With an array of facades to crack, Abigail beds down in character work for a while, and the cast are pitch-perfect. This motley crew is immensely likable, adhering to a number of stereotypes (Durand is out-Baustista-ing Bautista here) and playing them with aplomb. Even Angus Cloud draws something appealing out of Dean’s addled nonsense and awkwardly played affection for Sammy. Ace in the pack – unsurprisingly – is Dan Stevens, who is positively transformative as Frank, charting a course from nervy outsider to all-out badass (his character’s real name, by-the-by, feels like an Easter egg hat-tip to some old colleagues of these filmmakers). Between this and Godzilla x Kong, Stevens is having a banner year, and we still have Cuckoo to look forward to.
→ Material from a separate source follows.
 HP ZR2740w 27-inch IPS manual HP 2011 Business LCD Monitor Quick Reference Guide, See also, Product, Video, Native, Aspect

All of this is talking around the twist that’s already been spoiled; that Abigail herself is a centuries-old vampire and the set-up is a double-cross so she can spend a night and a day toying with her prey before taking bloody satisfaction. Thanks to over-exposure a decade or so ago by the twin titans of Twilight and True Blood, it feels like a long minute since vampires have been in vogue, but Abigail could pull a revival all on its own. Bettinelli-Olpin and Gillett’s brand of beastie has perhaps most in common with the feral, piranha-mouthed stalkers of 30 Days of Night, and once the teeth are out Abigail bathes itself in the vino. This duo’s fondness for reducing doomed characters to exploding blood bags (ala Ready or Not) hasn’t worn out its welcome yet…
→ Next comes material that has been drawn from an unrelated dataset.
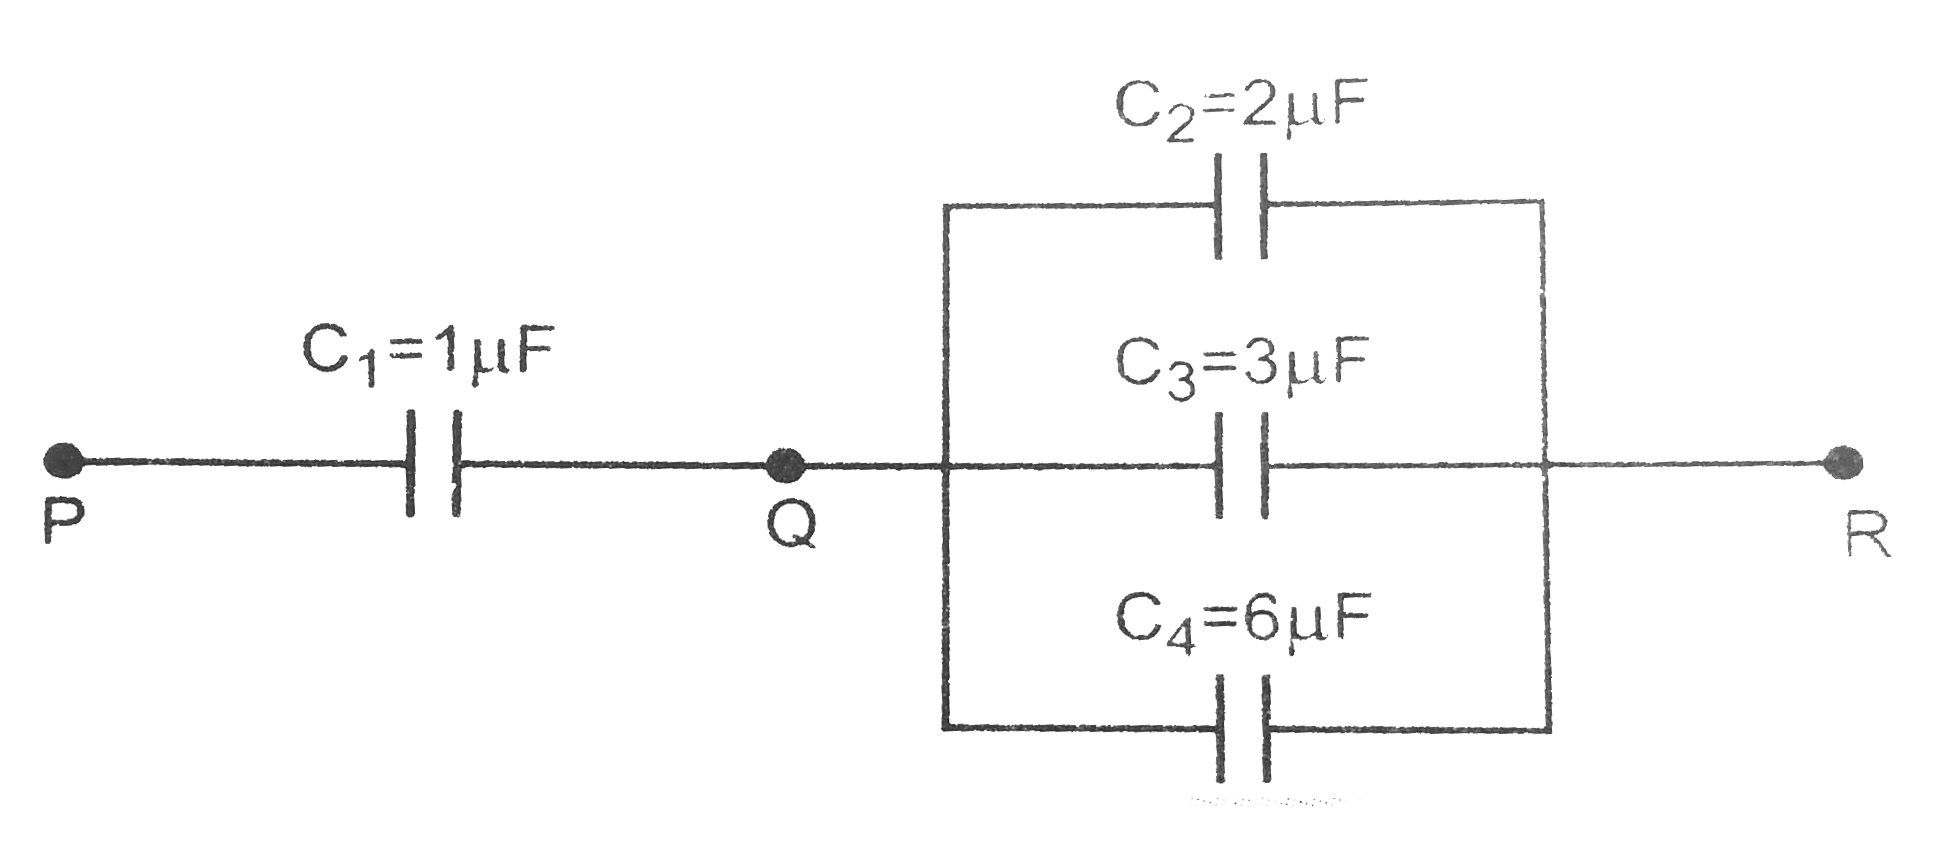 In Fig, the energy stored in C(4) is 27 J. Calculate the total energy in the system.

Stacked with great lines and clownish scenarios (those onions…), Abigail is a hoot, designed and executed to provide entertainment from start to finish. I was looking at the disparity between my Most Respected movie favourites and my Most Watched over on Letterboxd recently. There’s a lot of overlap, granted, but much as I admire something like Luchino Visconti’s The Leopard or Michelangelo Antonio’s L’Eclisse, its middling Friday the 13th sequels and easy chuck-ons like Happy Death Day that pepper the latter list most keenly. Abigail is a sturdy future addition to a that Most Watched pile, having the feel of a regular rental choice from back in the days of VHS action/horror hybrids.

It ain’t perfect. With so many showboating characters to enjoy, its Abigail herself that gets the relative short shrift (though young Weir really takes a bite out of the opportunity). Double-crosses and cagey deals stack up so high that – along with all those identities – it can be tough to keep a track of who you can trust on the initial pass. And the third act goes on a bit, generating a kind of climax-fatigue that a tighter edit or some story trimming could have alleviated. A mystery guest at the finale doesn’t hit with quite the force it could have, mainly because it only hammers home the movie’s already well-struck recurrent theme of absentee parents. Plus, if you’re going to tee-up the appearance of Tom Hanks in act one, anyone less than that is going to feel underwhelming in act three.

Still, the headline is another hit (hopefully) for Radio Silence. Proof that neither they nor Barrera need the dying fumes of a flailing franchise to keep their motors running. I don’t know if my local multiplexes are representative of a greater pattern, but there seems to be some reticence to program Abigail in confident (or even sociable) time slots, so it’s quite possible this one will struggle to find the box office it deserves. But Abigail is doing no-one’s reputation any harm.